Nobody can tell you whether the world’s most-deployed time-series similarity kernel survives a trillion ticks at fp32, on hardware with no fp64 unit — the question has no published answer. The primitive underneath is a sliding-window inner product carried forward one product at a time; it ships as the matrix profile, the engine behind motif discovery, discord detection, and a long line of anomaly-mining systems, across thirty-one papers in its canonical series, MP-I through MP-XXXI. None of them carries a forward-error analysis of the streaming recurrence the deployed kernels actually run. So I did the math, and I started by reading the shipped code.
The kernel everyone ships
The streaming kernel maintains a sliding-window inner product per row with a rank-one subtract–add update: one operand pair leaves the window, one enters, and the cached value from the previous tick is updated in place.
# the streaming update, schematically
qt = qt_prev - leaving_a * leaving_b + entering_a * entering_bThat reuse is the whole story. Every tick commits a rounding error into the accumulator, and because tomorrow’s value is computed from today’s, the error never leaves. The carry chain grows with the stream.
I audited the deployed implementations at their public release tags to see who actually carries this chain. stumpy@v1.13.0 carries the recurrence indefinitely with only a single per-tick head refresh. go-matrixprofile@v0.2.0 goes to the other extreme and recomputes a full FFT every tick. SCAMP@v4.0.3 and matrixprofile@v1.1.10 are batch-only — no streaming carry at all. Every implementation sits at an extreme; none occupies the middle ground of a periodic full-state reseed, which is the regime the analysis ends up recommending.
data table
| implementation | release tag | kernel class |
|---|---|---|
| stumpy | v1.13.0 | streaming carry, kept indefinitely |
| SCAMP | v4.0.3 | batch, per-tile, no carry |
| matrixprofile | v1.1.10 | batch, diagonal sampling |
| go-matrixprofile | v0.2.0 | full FFT recompute per tick |
What linear drift looks like
I ran the recurrence as a single unbroken carry chain across stream lengths N = 2¹³ to 2²⁴ — past 16.7 million ticks — against a 128-bit MPFR reference oracle (~38 decimal digits), over seven synthetic corpora, 30 seeds each, three accumulator strategies, two precisions.
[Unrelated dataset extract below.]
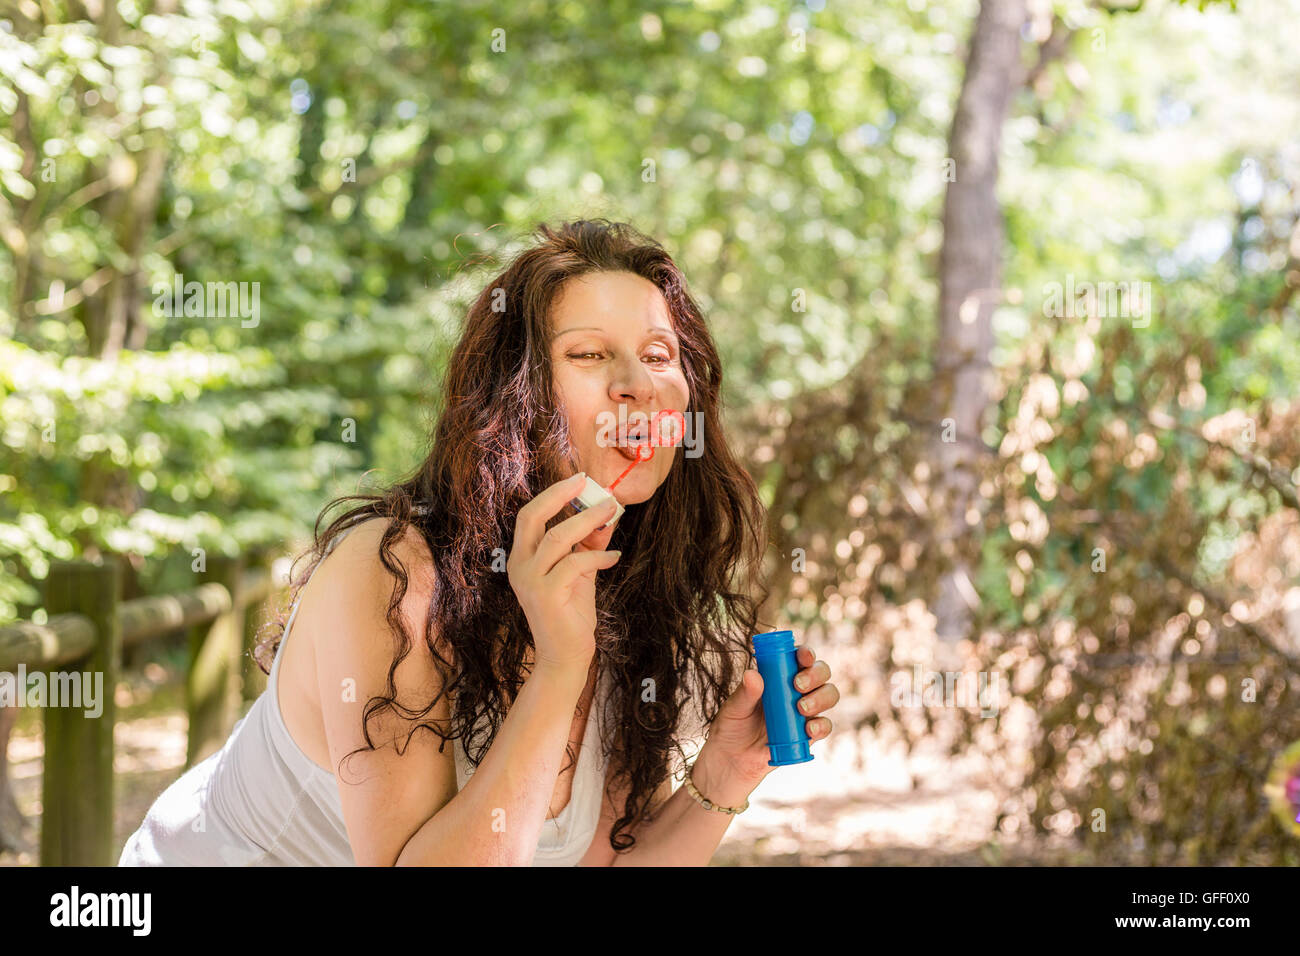 Fascinating mature adult woman is having fun like a little girl blowing soap bubbles in a public park Stock Photo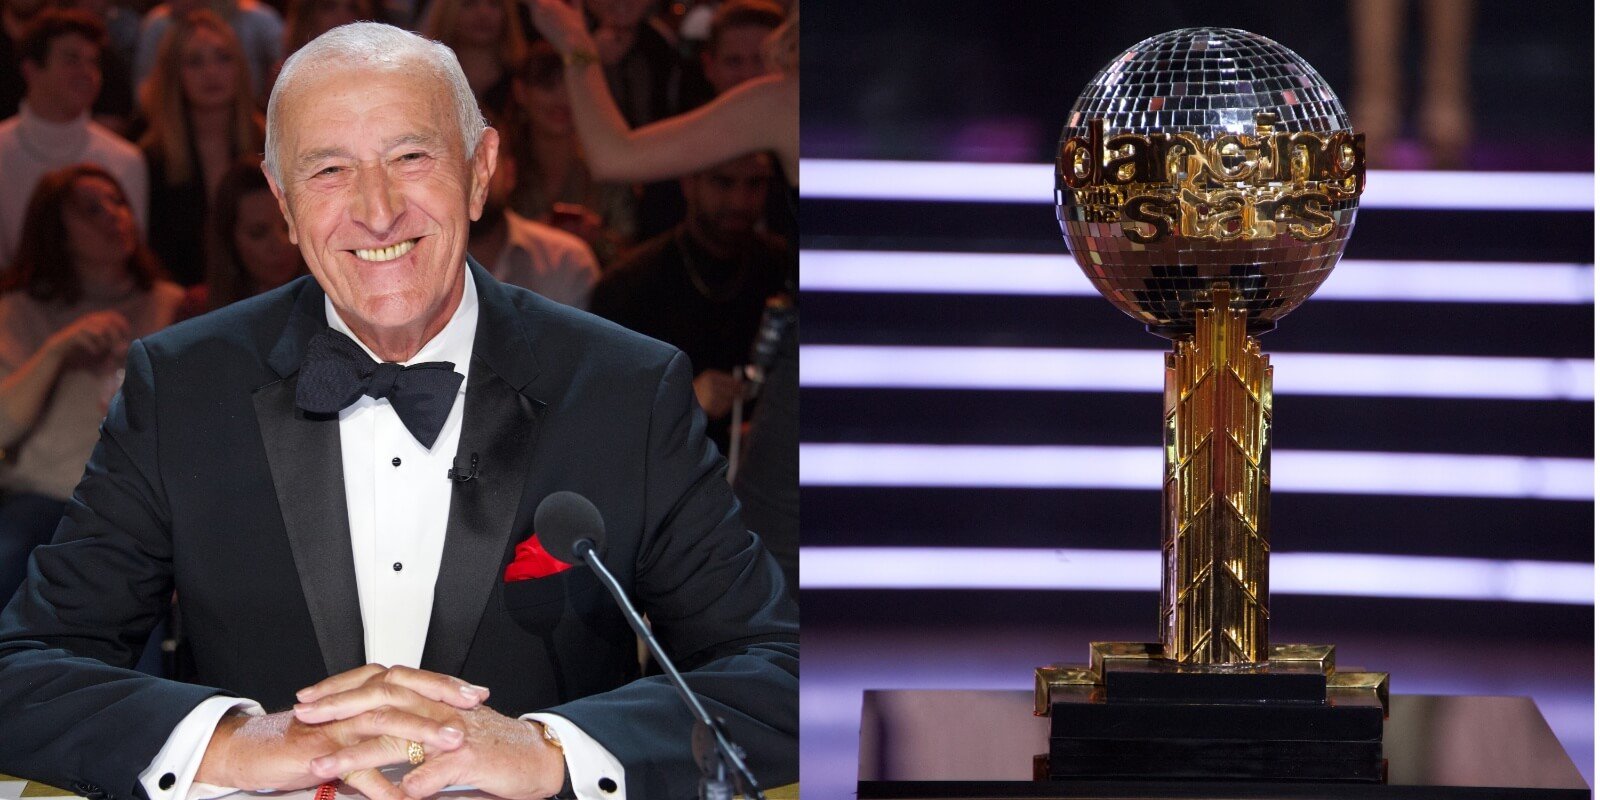 Len Goodman poses alongside a the 'Dancing With the Stars' mirrorball trophy in side-by-side photographs.

On the cleanest corpus in the sweep — a deterministic linear-congruential walk, which adds no rounding of its own above the accumulator — the naive f64 accumulator climbs roughly 3.8 decades, from 1.75×10⁻¹⁰ to 1.08×10⁻⁶, tracing the predicted O(N·u) envelope. Compensated Kahan–Babuška–Neumaier (KBN) at f64 holds the same chain near the oracle floor — never above 7.5×10⁻⁹. Ogita–Rump–Oishi at f64 is correctly rounded on this corpus: drift identically zero, off the log axis.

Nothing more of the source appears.